Career highlights and awards
- American Association ERA champion (1882);

= Denny Driscoll =

American baseball player (1855–1886)

John F. "Denny" Driscoll (November 19, 1855 – July 11, 1886) was an American Major League Baseball pitcher from 1880 to 1884. Driscoll played for the Buffalo Bisons, Pittsburgh Alleghenys (the modern-day Pittsburgh Pirates), and Louisville Eclipse. While playing for Pittsburgh, he led the American Association in earned run average in 1882, at 1.21. He went 13-9 that season. In 1883, he was the primary pitcher for the Alleghenys' for most of the season with an 18–21 record, and was the opening day starting pitcher.

==Personal life==
Driscoll was playing baseball professionally for local teams in Lowell and Nashua, New Hampshire by the age of 15. In November, 1882, he married 18-year old Mary Driscoll of Westford, Massachusetts.

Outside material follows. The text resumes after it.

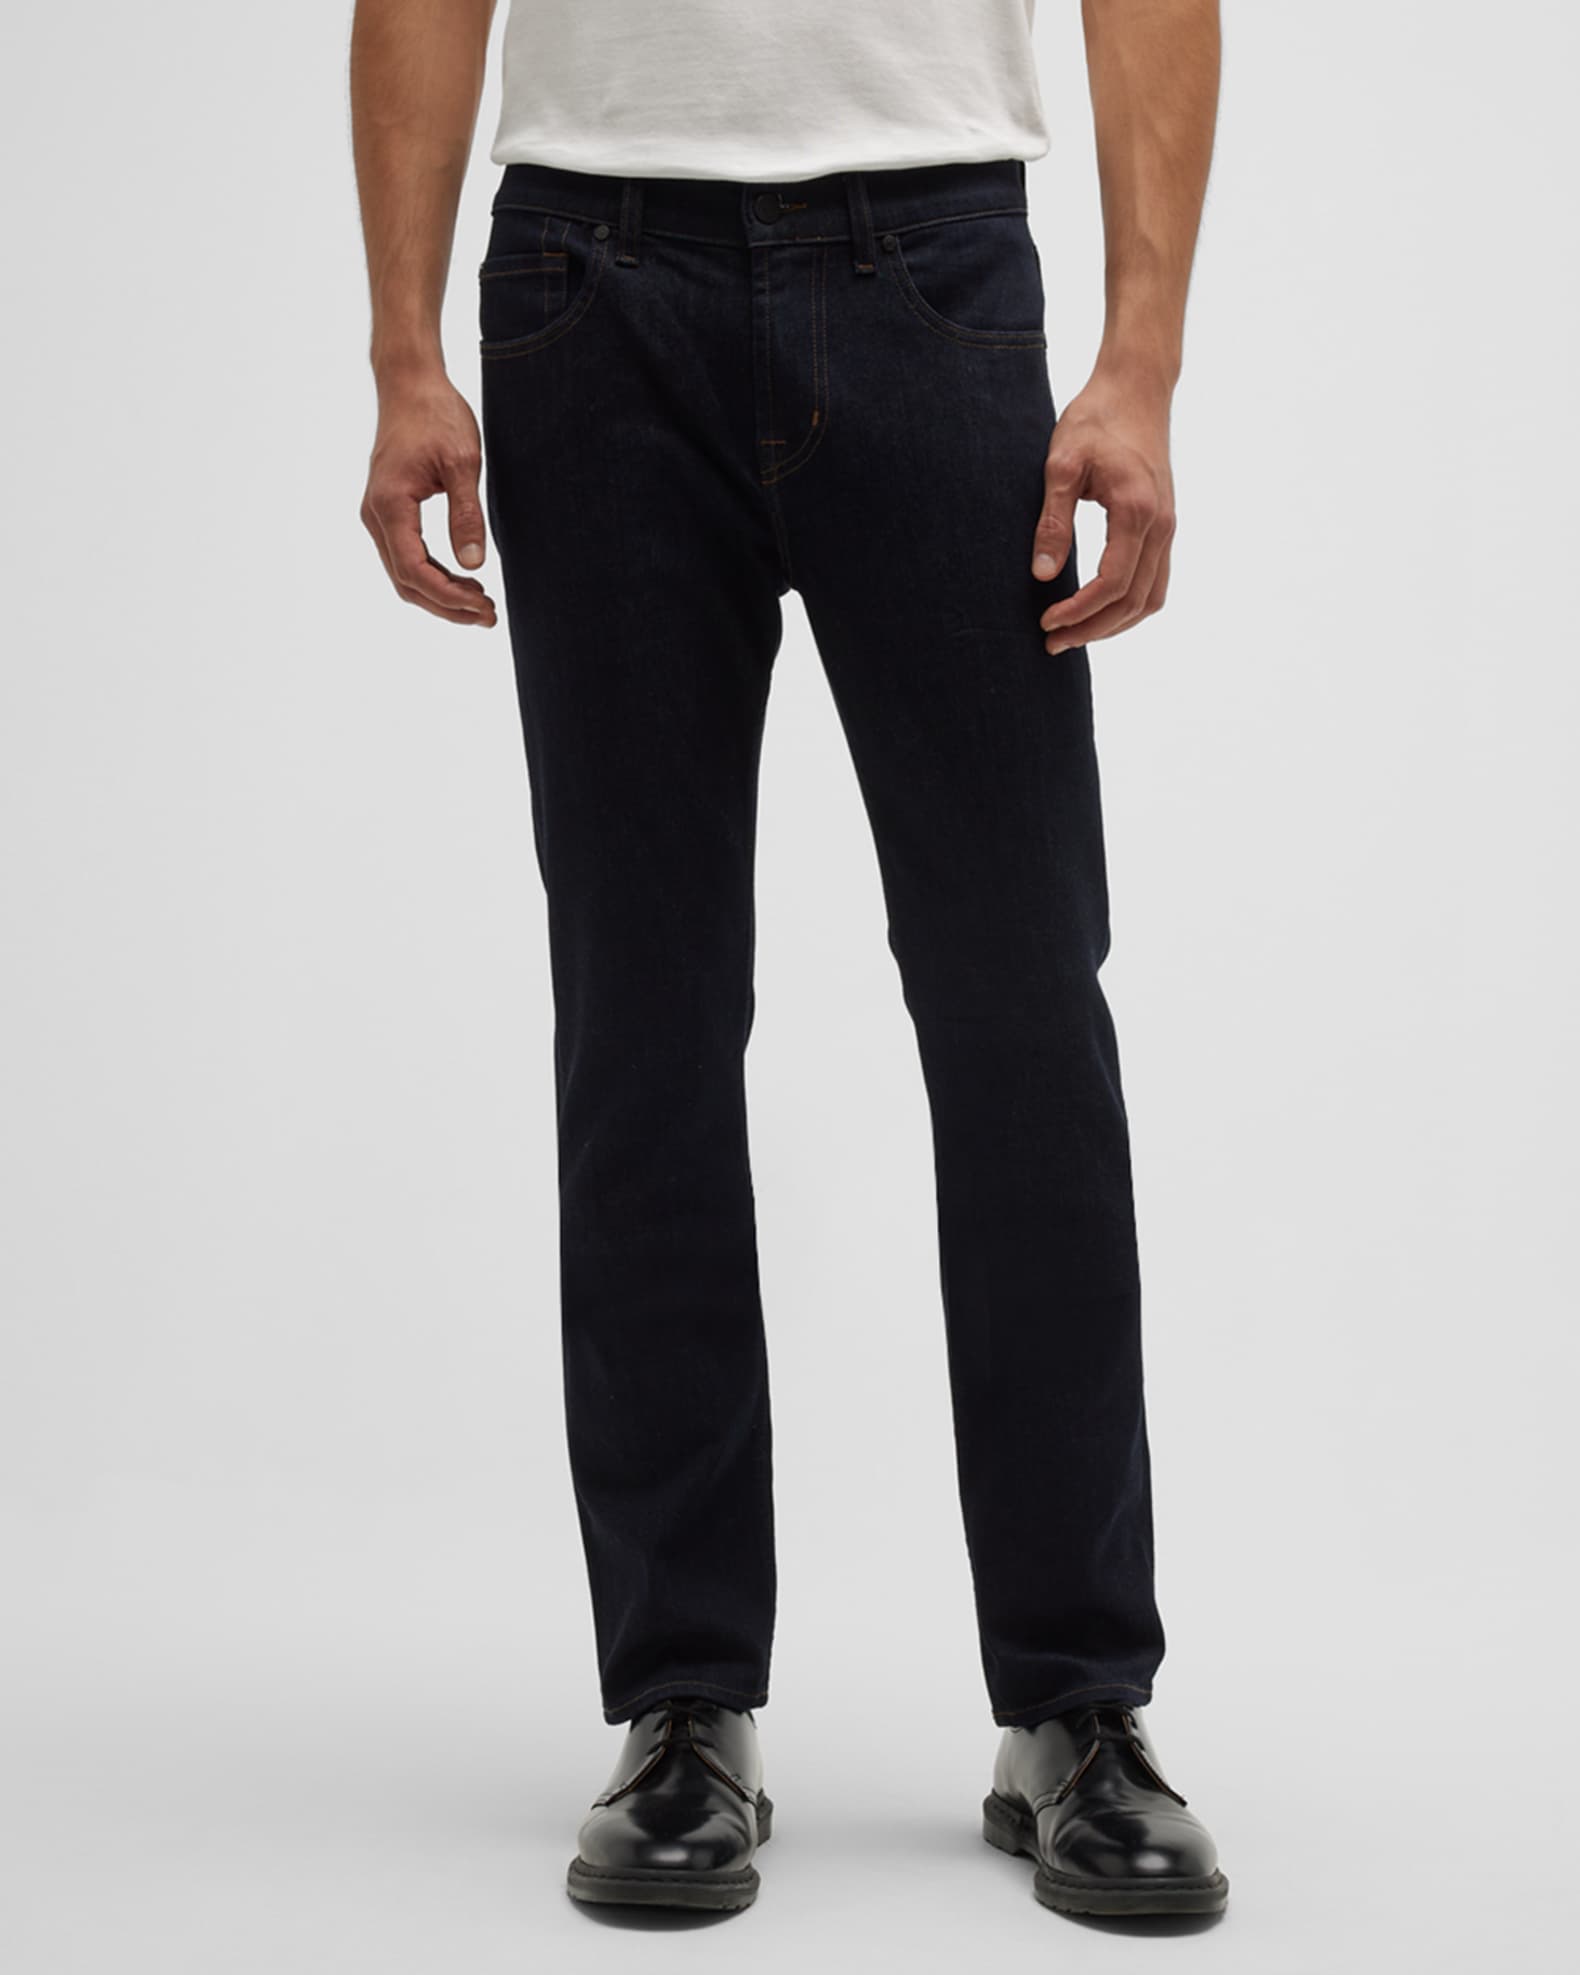 7 for all mankind Men's Luxe Performance Straight-Leg Jeans

Soon afterwards he moved to Westford, most likely in the village of Graniteville, as the Casey family members were employed in the local granite quarries and mills. After the death of his father-in-law, Driscoll supported the Casey family with his baseball salary. In vital records of the early 1880s, he alternately listed his occupation as 'ball player' or 'machinist'. Denny Driscoll had two children with Mary, John William, born September 17, 1883, and Lizzie, born April 21, 1885.
Driscoll died in his hometown of Lowell, Massachusetts at the age of 30 of consumption (tuberculosis). He is interred at St. Patrick Cemetery.